Enough signs are piling up for all of us to realize that concerns about water are escalating and finally reaching the consciousness of the general population, not only the environmentalists and the tree huggers (like me).  The inconvenience of having to pay exorbidant rates for water painfully reminds us of several things.  Big business (the guys who own the taps) will be there to take your money for what used to be called a "natural" resource.  (It is no longer "natural" when it has to be extracted from very far away and piped in to the wastelands of our concrete polluted cities.)

When contemplating this awful fix we're in, I am often reminded of the cautionary tale told so well in the animated movie, "Rango"…easy to digest, compared to a "dry" (pun intended) documentary loaded with statistics.  The movie relates with great good humor and fabulous characters, right from the opening sequence when Rango, a spacey little gecko living in a make-believe world of lizard heaven, is rudely jarred into reality, along with his buddy a goldfish, onto the tarmac in a ceaselessly cruel desert…with no water.  I feel like Rango, right now, watching my garden dry up just as the warmth is encouraging everything to grow and reproduce.  What to do?

Well, I'm a big believer in "knowledge is power",  so once I acknowledged the issue, learning how to adjust to this reality is the next order of business.  Yeah, its like a twelve step program for hortiholics.

Acknowledge you have a problem. ( I actually have several problems:)

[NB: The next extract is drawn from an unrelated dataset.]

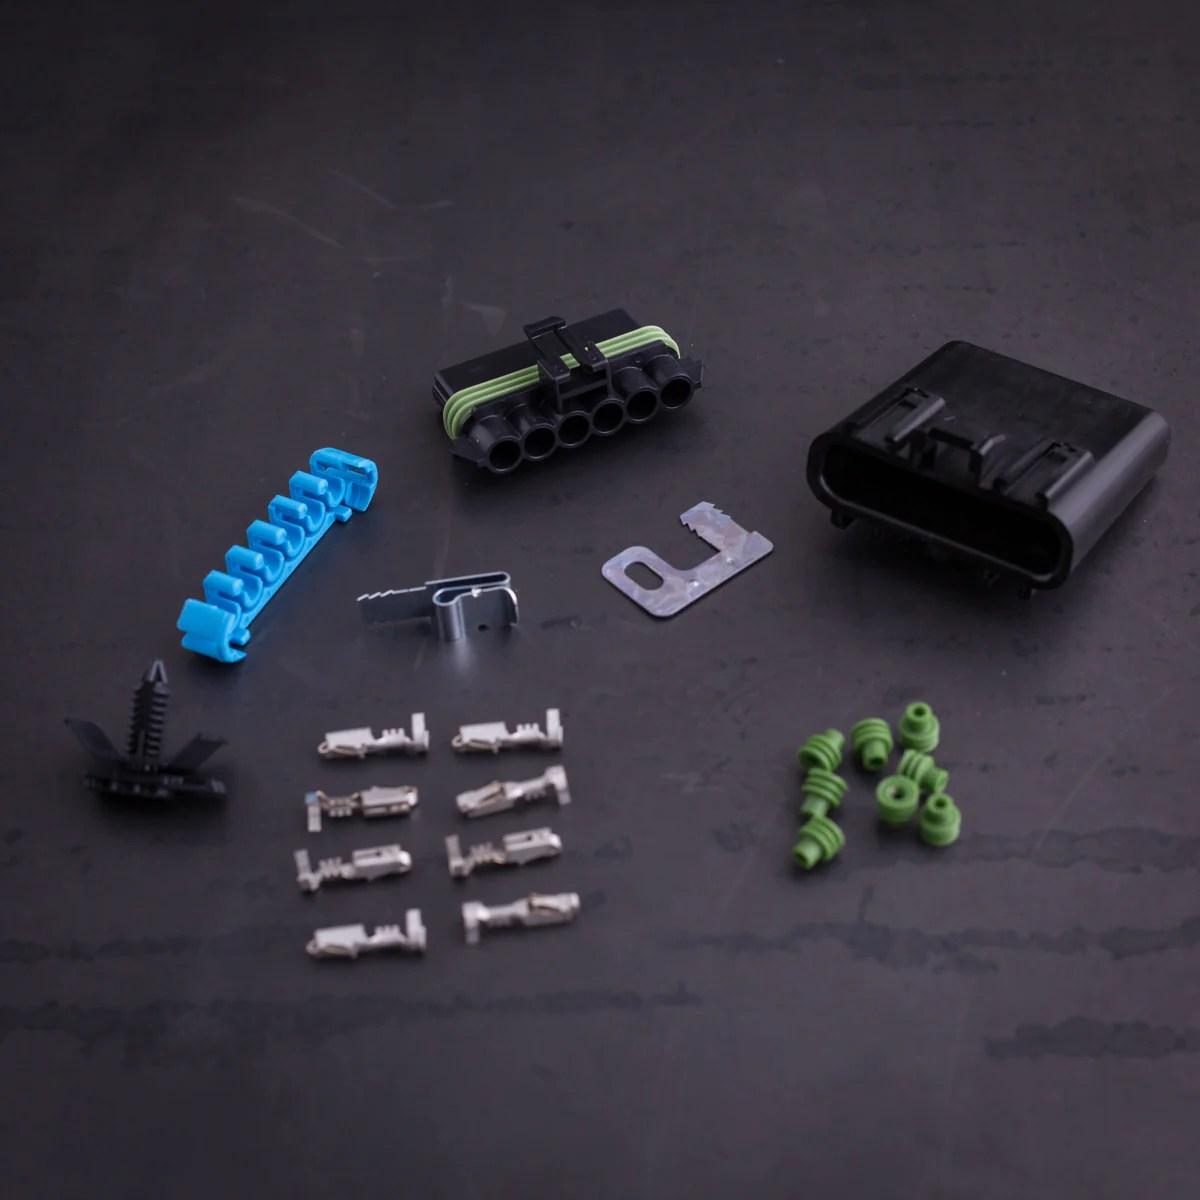 medium resolution of fuse box on motorcycle
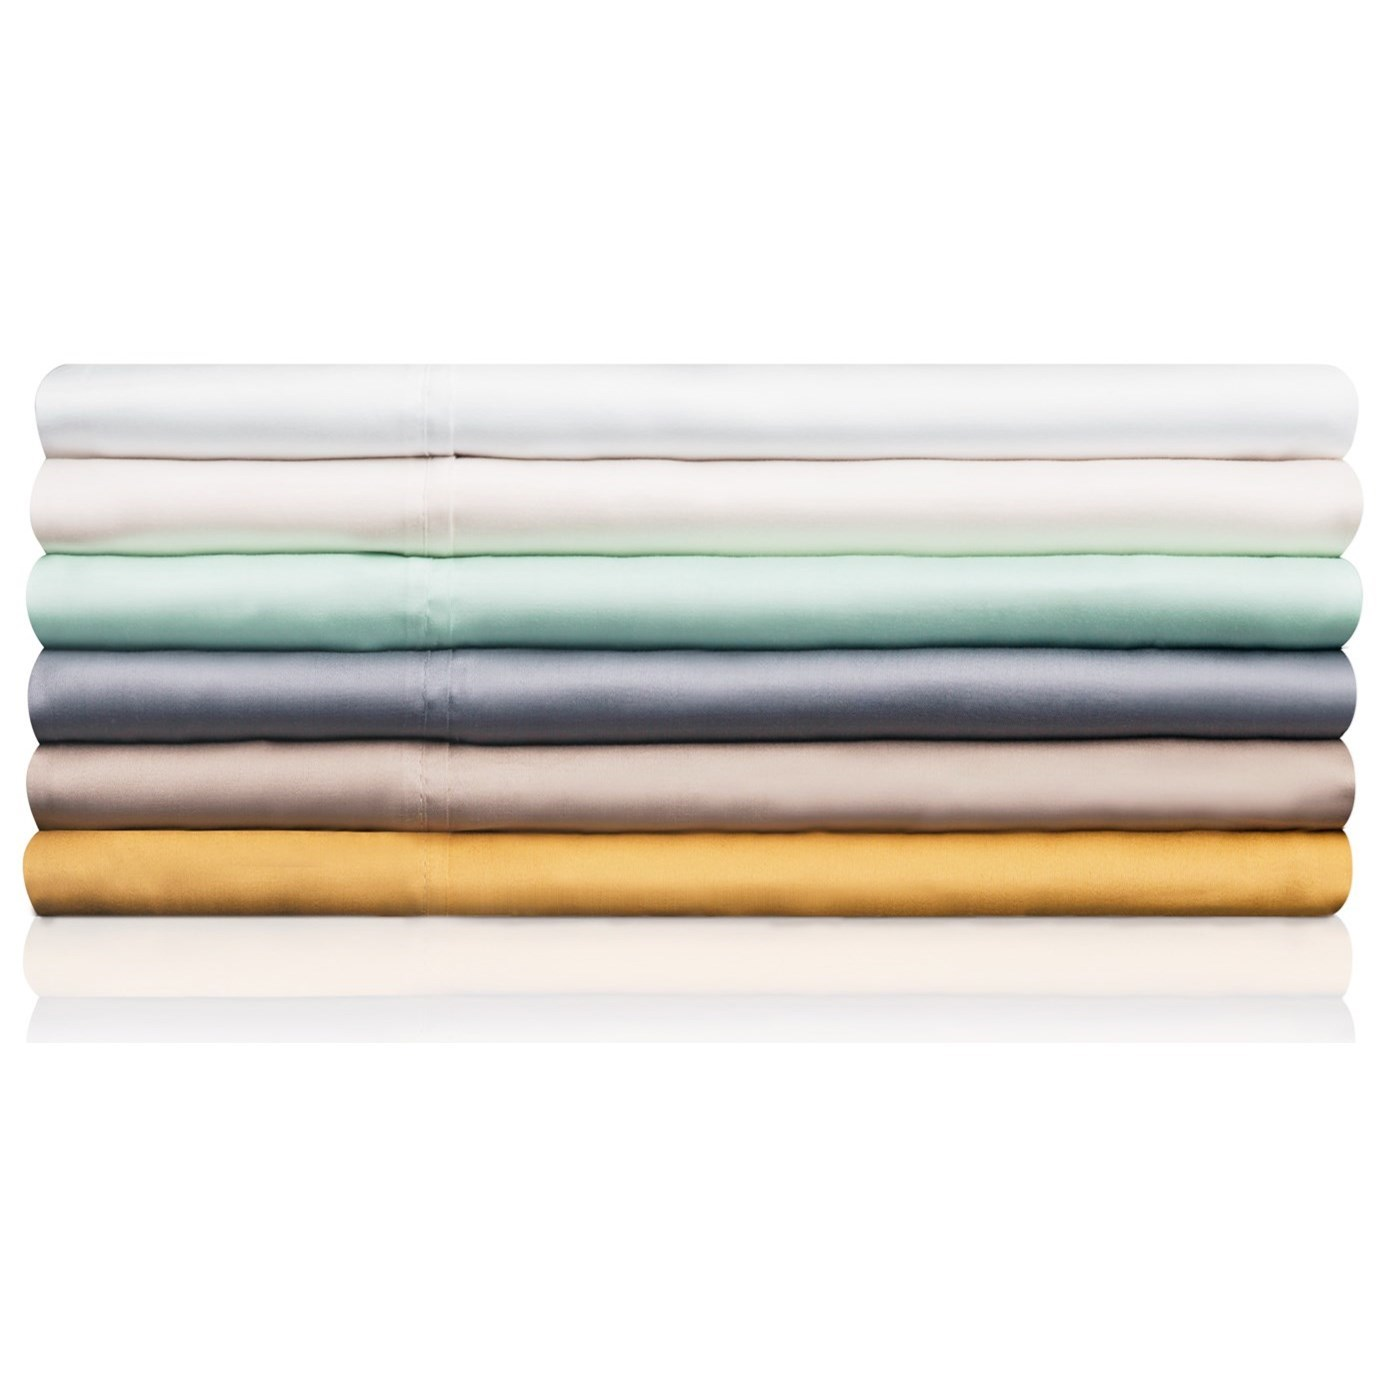 Malouf TENCEL® Full Woven™ TENCEL® Sheet Set - Item Number: MA03FFIVTS

For two years in a row (I'm a slow learner), I called the water company to complain about my extremely high summer bills.  I am being penalized for growing my own food, I said.  I should be getting a rebate!   I should at least be able to set up "level billing", to average out the bill annually instead of a few giant bills in the summer.  They said "no dice" on either suggestion, but they would send a water conservation consultant to my property to assess the situation.  I readily agreed, being certain that I was doing everything an intelligent person could do to use water carefully.  I have a rain barrel, don't I?
Problem No. 1: EXTREMELY HIGH WATER BILLS IN SUMMER

The water conservation consultant was a nice man named Jim who grew vegetables also.  He loved my garden, and had great patience while I carried on about my brassicas and the challenges of growing carrots.  By the time we were shaking hands good-bye-nice-to-meet-you, I had learned several useful things that I had blindly, innocently, done to shoot myself in the foot.

I only have two outside water faucets attached to the house, which must serve the entire 1/2 acre property until I can afford to have more water faucets installed, closer to the gardens, which may be more than 100 feet from the water source.  Hence, I have had quite a combination of splitters, hoses, watering wands, sprinklers, soaker hoses, water barrels, and rills in an attempt to get water where I need it.  This effort has been a miserable failure for several reasons, and, if I forgot to turn off the spigot, the whole damn thing might leak!
Problem No. 2: POOR WATER DELIVERY SYSTEM

At the height of the summer drought (in years past that has been between July 4 and September 15, nowadays this seems to be extending in both directions by about 30 days!), I have been watering my vegetable "hot pots" at least daily, sometimes twice a day.  The position of these pots, on a southwest- facing concrete pad, is excellent for rapid and extended growth of heat-loving tomatoes and peppers, but they suck up water like a sponge.  I have many plants in containers besides vegetables, maybe a couple of hundred or so (I know, I am also a "pot-a-holic"),  artfully arranged all around the perimeter of the house, deck, gravel terrace, zen courtyard, woodland and scree garden.  You get the picture…everywhere.  Many of these need watering almost every day during the dry months, too, especially if they are in full sun.  
Problem No. 3:  CONTAINERS  NEED SUPPLIMENTAL WATER.

Additionally, when I first got started gardening here, I fell in love with every woodlander I saw.  I was determined to recreate what I had experienced as a child in the woods of Washington state:   the mystic euphoria of fairy bells in the woods, dogwood blossoms floating in the understory of giant fir trees, and the magic of mushrooms and wild ferns in the forest duff.  I bought and planted hundreds of luscious (by definition, lush, and needs moist soil) plants to supplement the native flora:  Hydrangea, hosta, more ferns especially.  I did not realize that my lovely woodland, so moist in early spring, would become a dusty dry parched wasteland in August.  No wonder the "spring ephemerals" disappear in summer…they sleep away the drought!
Problem No. 4:  WATER-THIRSTY PLANTS NEED SUPPLIMENTAL WATER…YOU HAVE TOO MANY IN THE WRONG PLACE.